## Required work:
In the listing below, locate the line containing "HP Deskjet 2720e" and the line containing "прямоугольника и квадрата". Output both of them and every line between, exactly as written, and nothing more.

## Exercise materials:

****

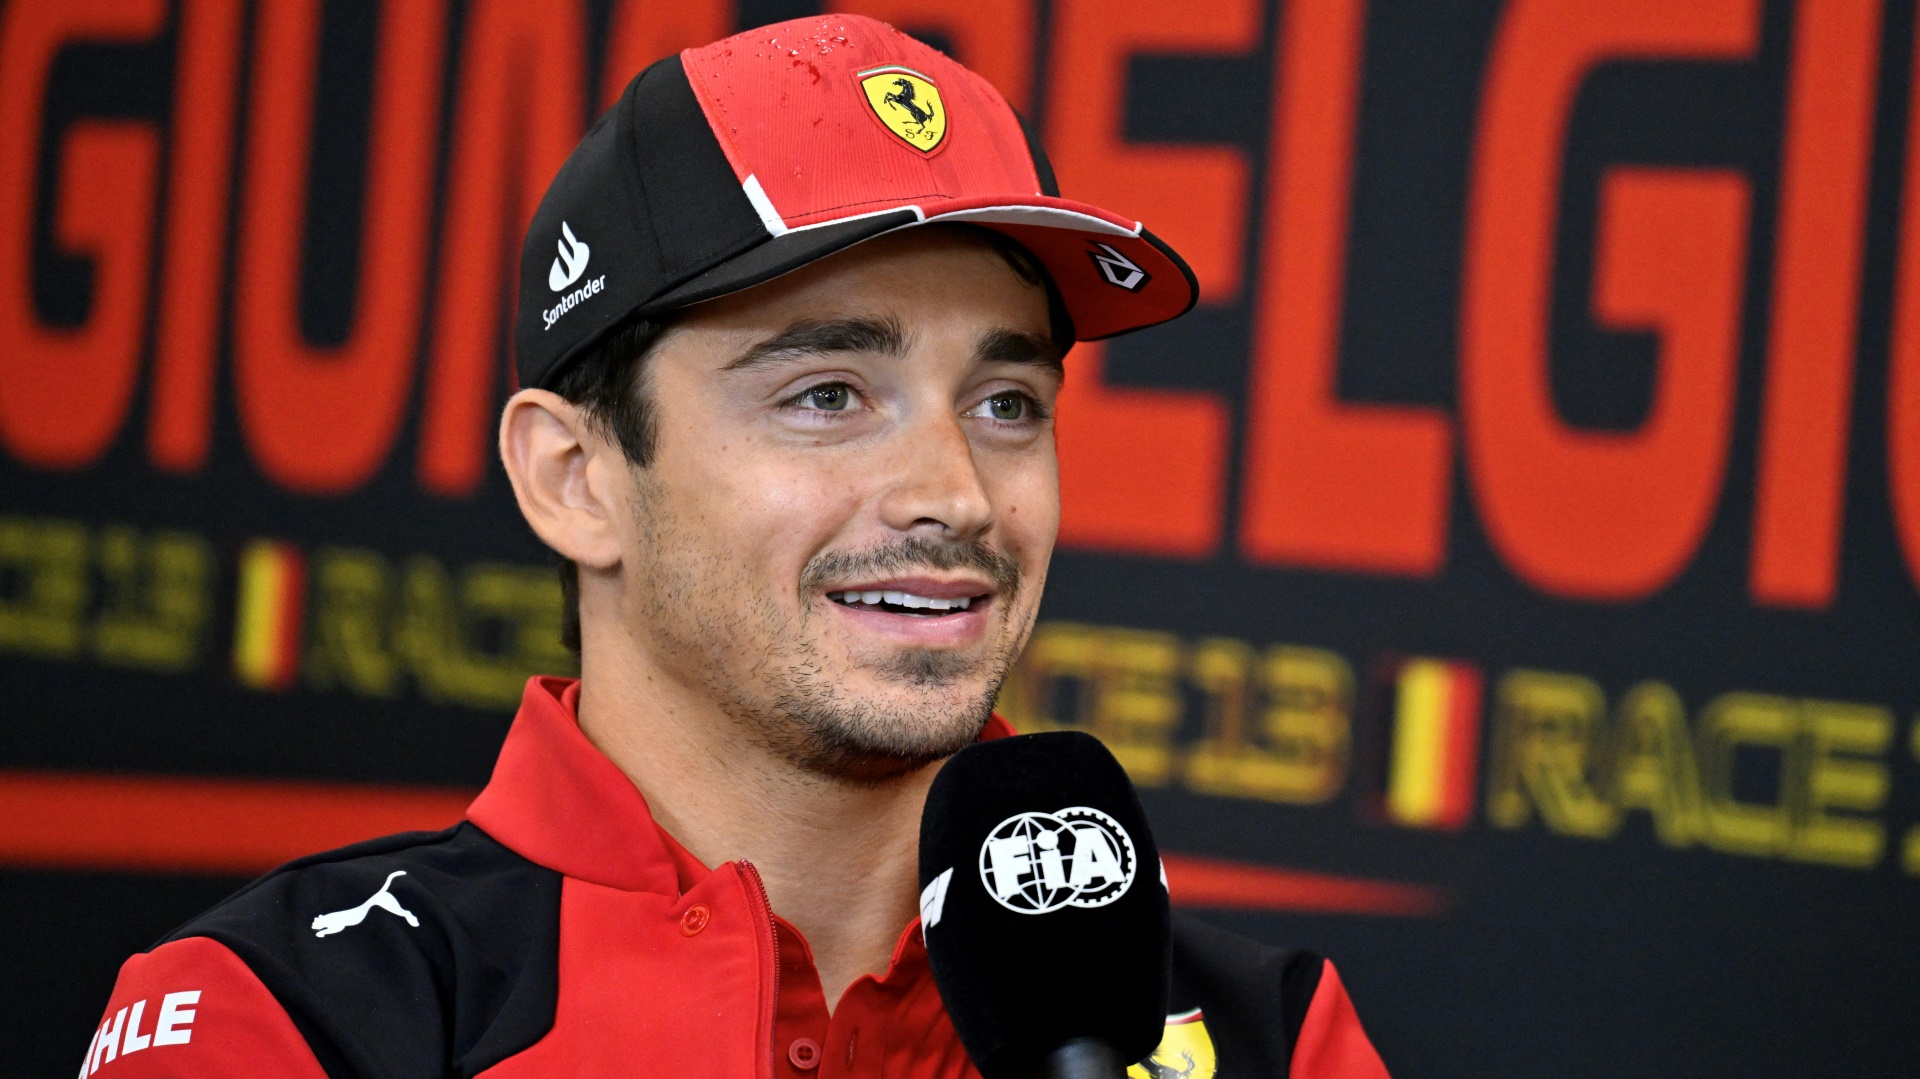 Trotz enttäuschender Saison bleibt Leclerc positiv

****

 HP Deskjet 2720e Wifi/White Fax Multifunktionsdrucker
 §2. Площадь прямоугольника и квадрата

****

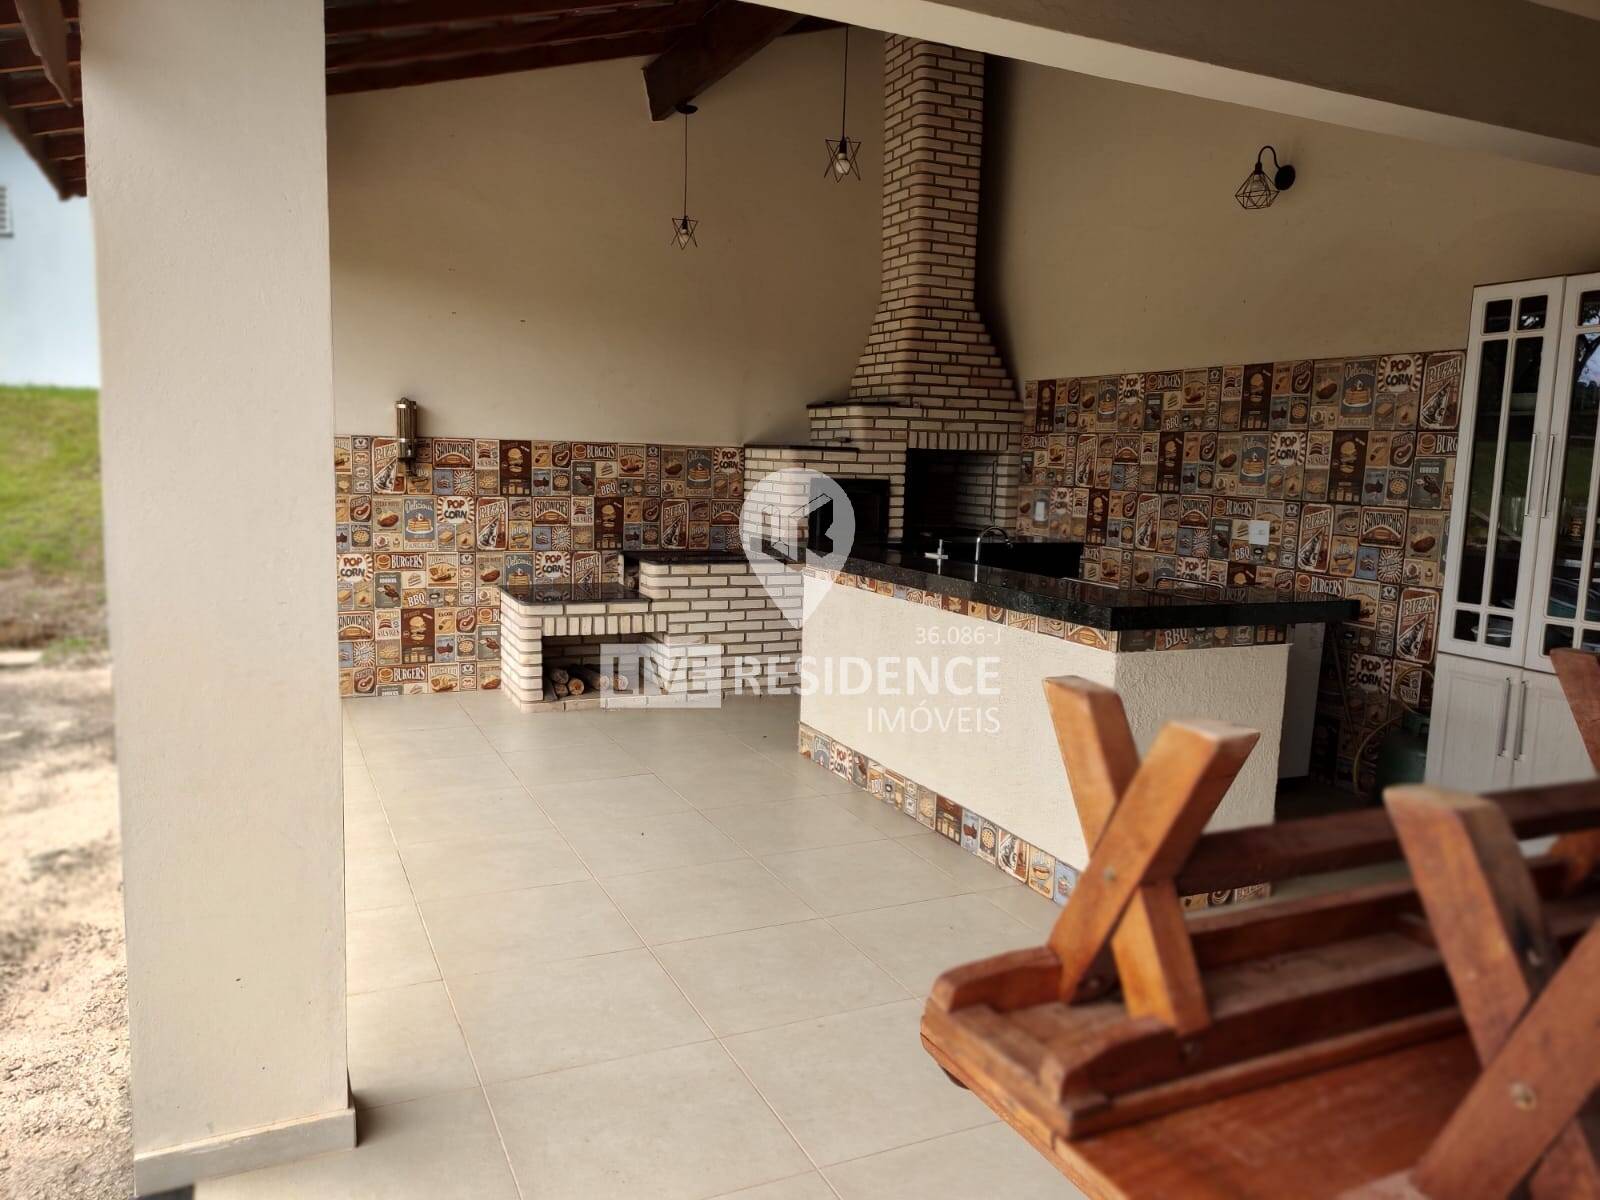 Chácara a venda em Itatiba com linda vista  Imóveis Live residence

****

## Exercise output:
 HP Deskjet 2720e Wifi/White Fax Multifunktionsdrucker
 §2. Площадь прямоугольника и квадрата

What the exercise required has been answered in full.